The Effect of Pipe Thickness on Residual Stresses due to Girth Welds

[+] Author and Article Information
E. F. Rybicki, P. A. McGuire

Department of Mechanical Engineering, University of Tulsa, Tulsa, Okla. 74104

E. Merrick

TVA, Knoxville, Tenn.

J. Wert

Department of Materials and Mechanical Engineering, Vanderbilt University, Nashville, Tenn.

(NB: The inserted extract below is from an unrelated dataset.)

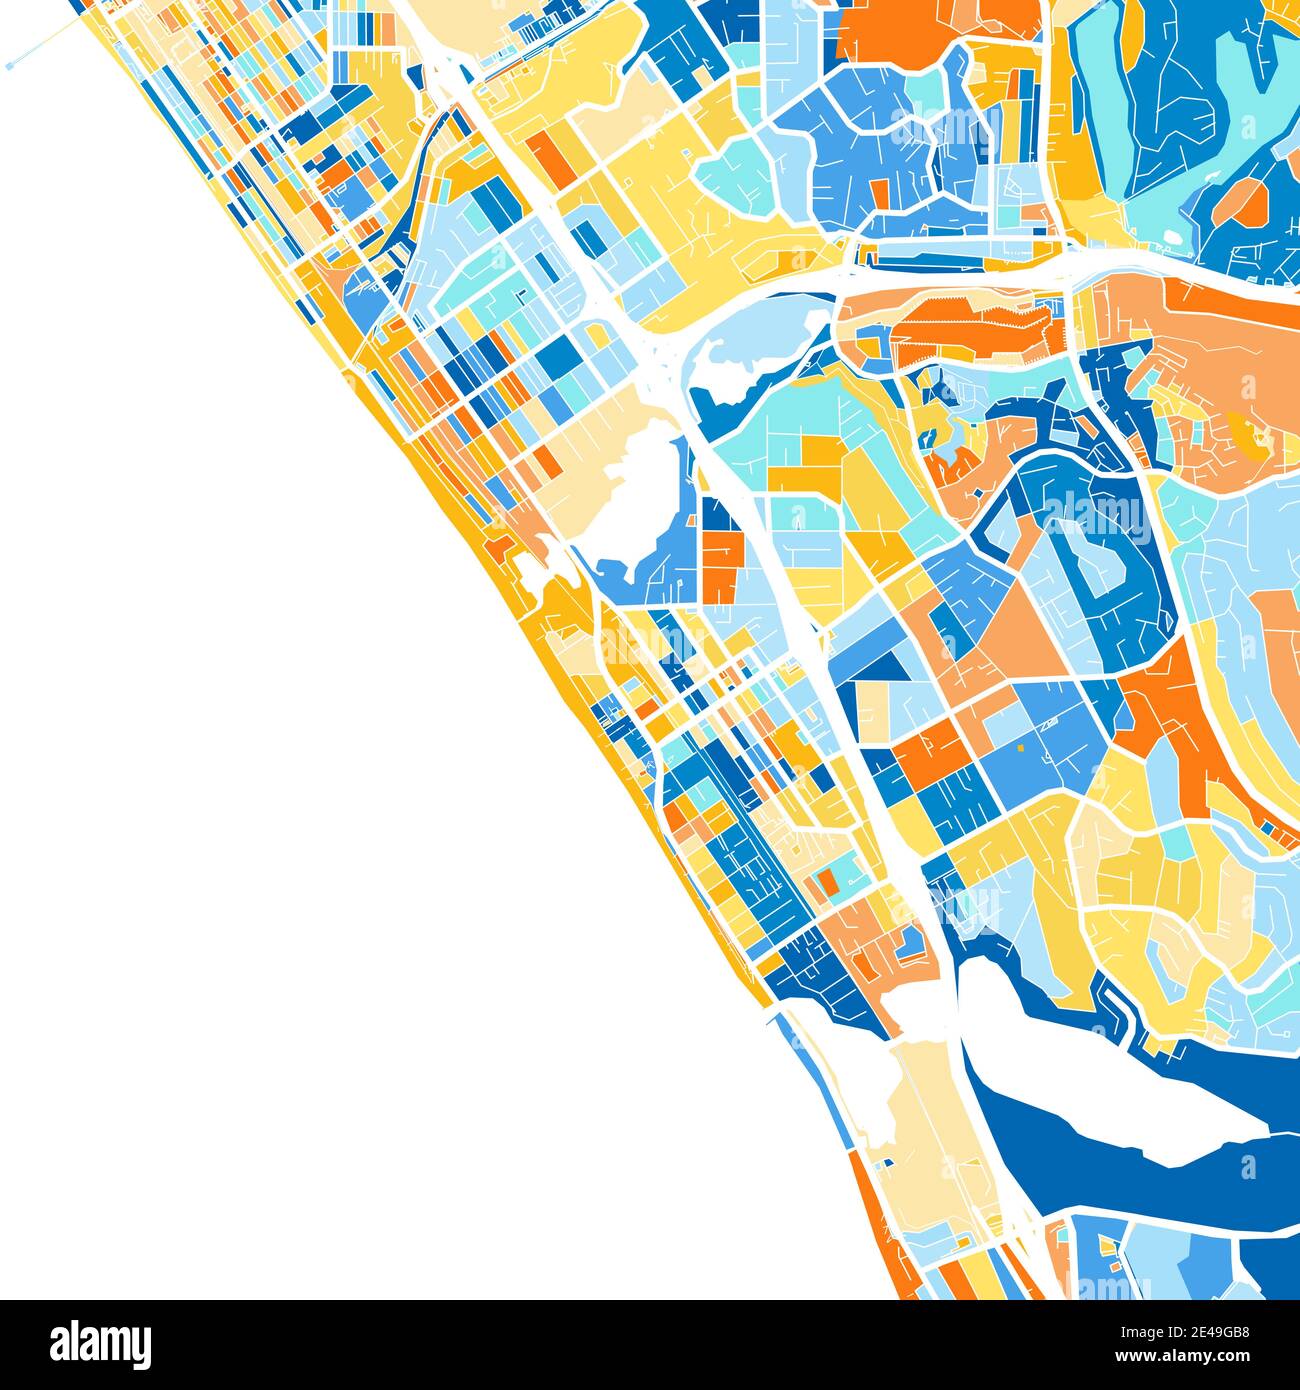 Carte d'art couleur de Carlsbad, Californie, Etats-Unis dans le blues et l'orange. Les gradations de couleurs de la carte Carlsbad suivent un motif aléatoire. Illustration de Vecteur

J. Pressure Vessel Technol 104(3), 204-209 (Aug 01, 1982) (6 pages) doi:10.1115/1.3264205 History: Received April 02, 1982; Online November 05, 2009


This paper addresses the question of what effect the pipe thickness has on weld residual stresses in 304 stainless steel piping. Two diameters are considered. These are nominal 4-in. and 10-in. diameters. Four pipe wall thicknesses corresponding to schedules 10, 40, 80, and 160 are examined for each pipe. The focus is on residual stress distributions on the pipe inner surface because this is a primary site for intergranular stress corrosion cracking in 304 stainless steel pipes. The trends in residual stress values are toward more compressive stresses at the pipe inner surface for thicker pipes with the same nominal diameter. Residual axial stresses for the thick 10-in. schedule 160 pipe were found to be compressive while those for the thinner schedule 80 pipe were tensile. X-ray residual stress data for a 6-in-dia schedule 160 pipe fall between the results for the 4-in. and 10-in. schedule 160 pipes and support the findings of the study.